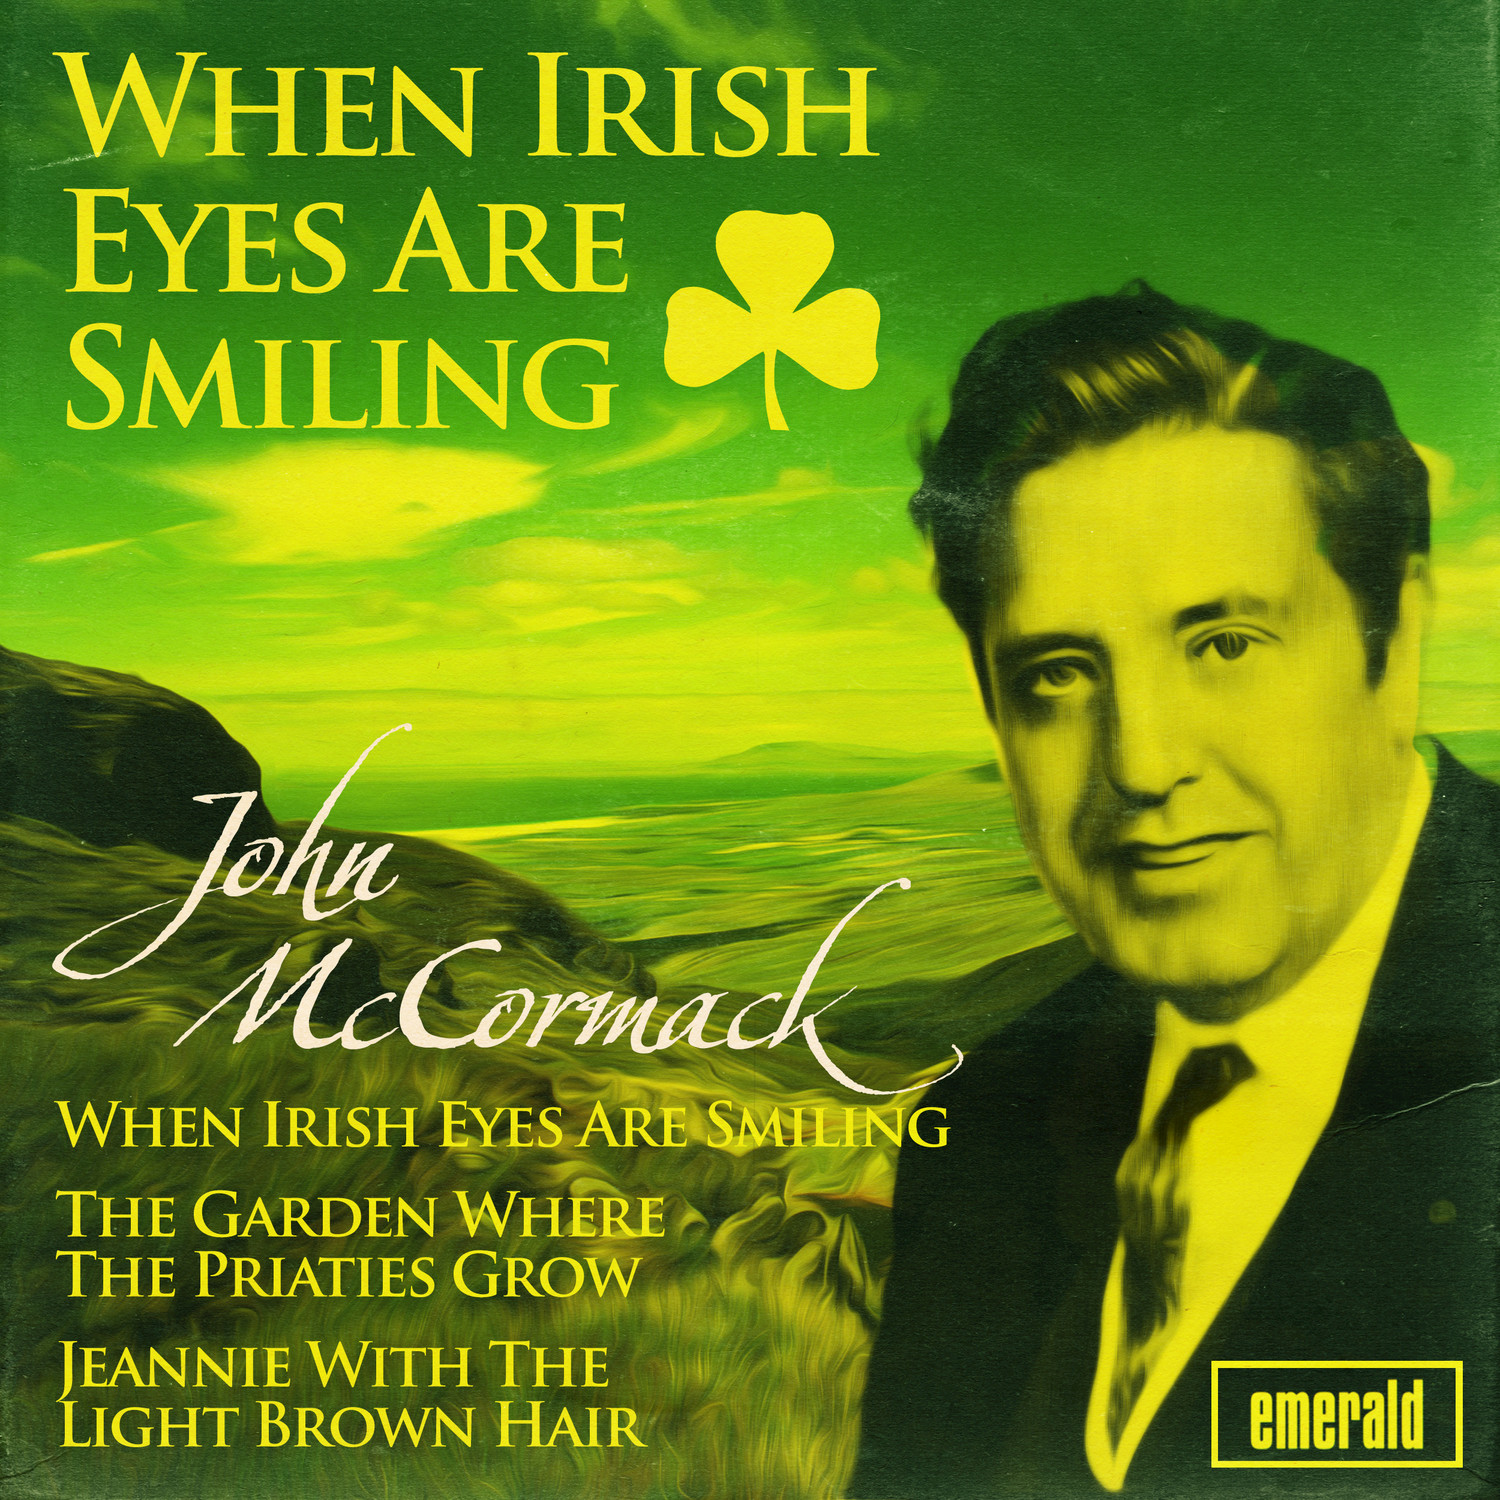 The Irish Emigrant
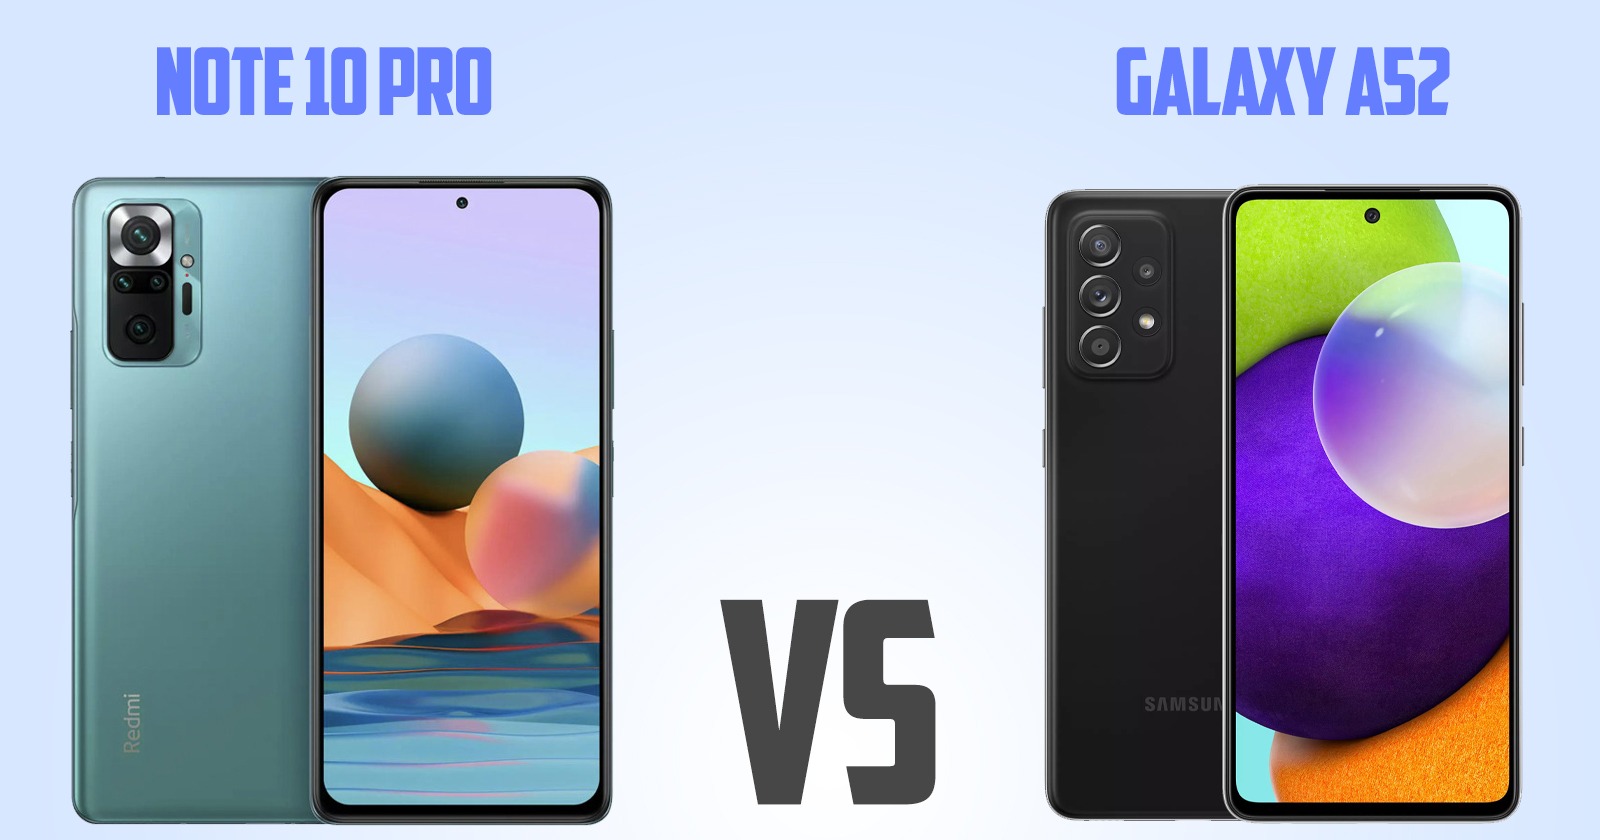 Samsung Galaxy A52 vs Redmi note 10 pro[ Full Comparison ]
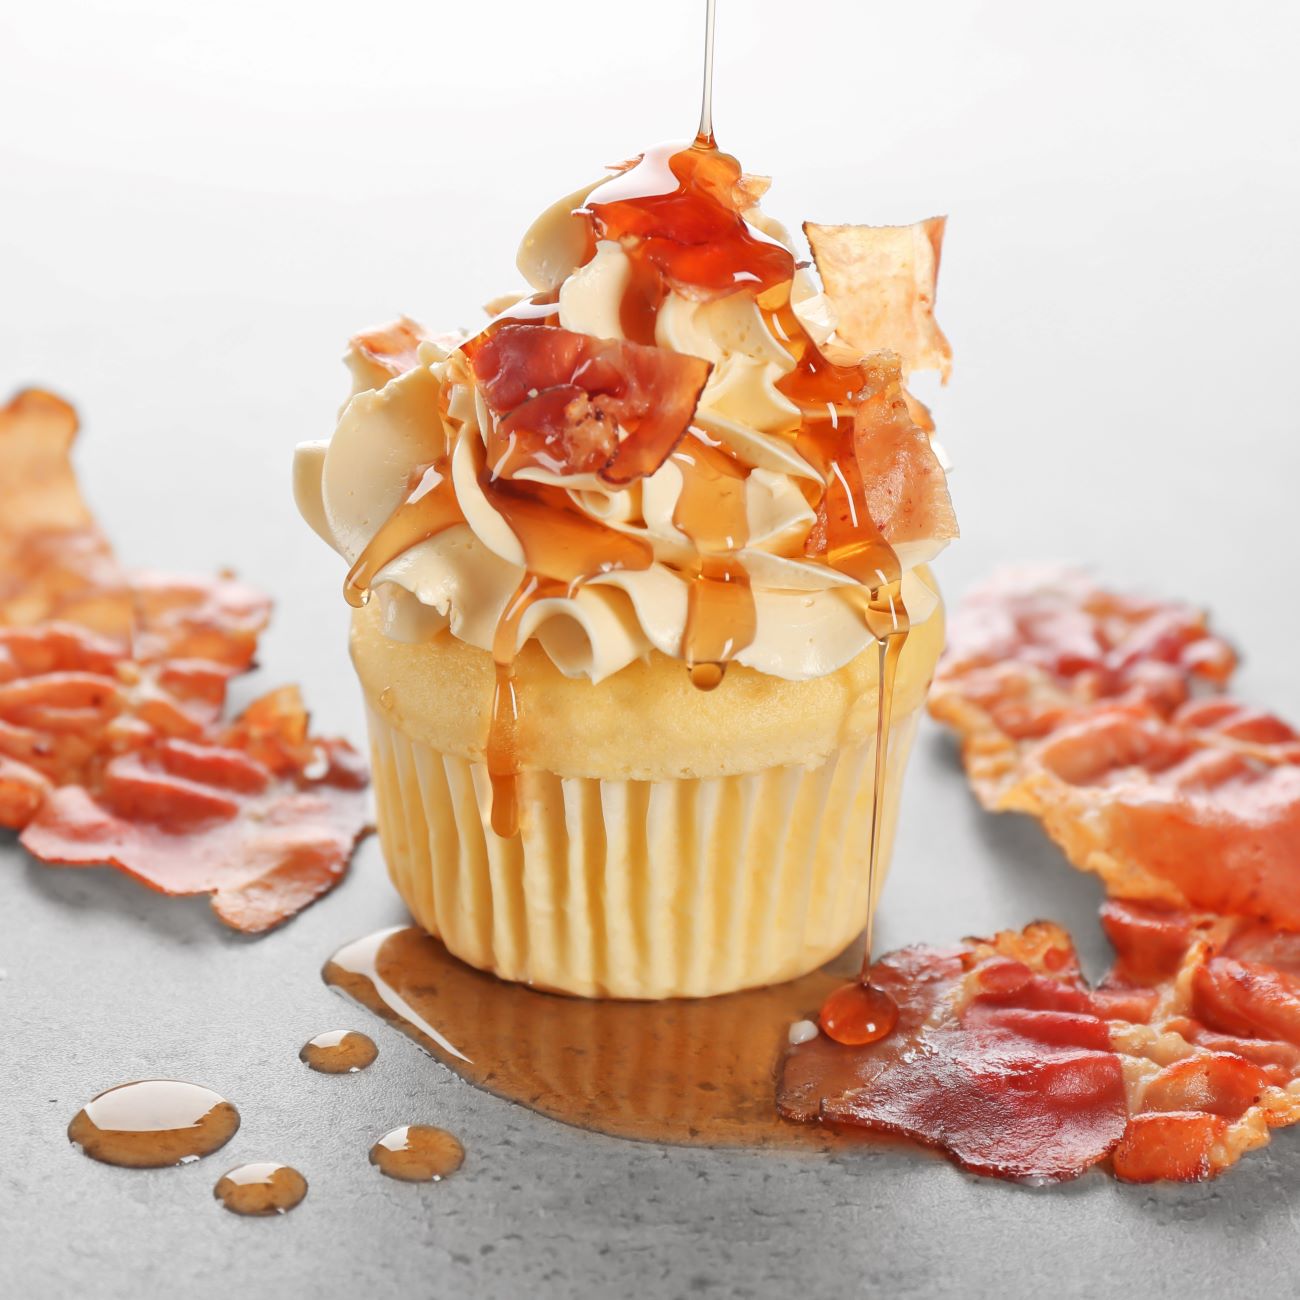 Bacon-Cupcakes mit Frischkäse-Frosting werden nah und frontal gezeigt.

= = =

Leaving out the pictures, output each line above exactly as it is.

 The Irish Emigrant
 Samsung Galaxy A52 vs Redmi note 10 pro[ Full Comparison ]
 Bacon-Cupcakes mit Frischkäse-Frosting werden nah und frontal gezeigt.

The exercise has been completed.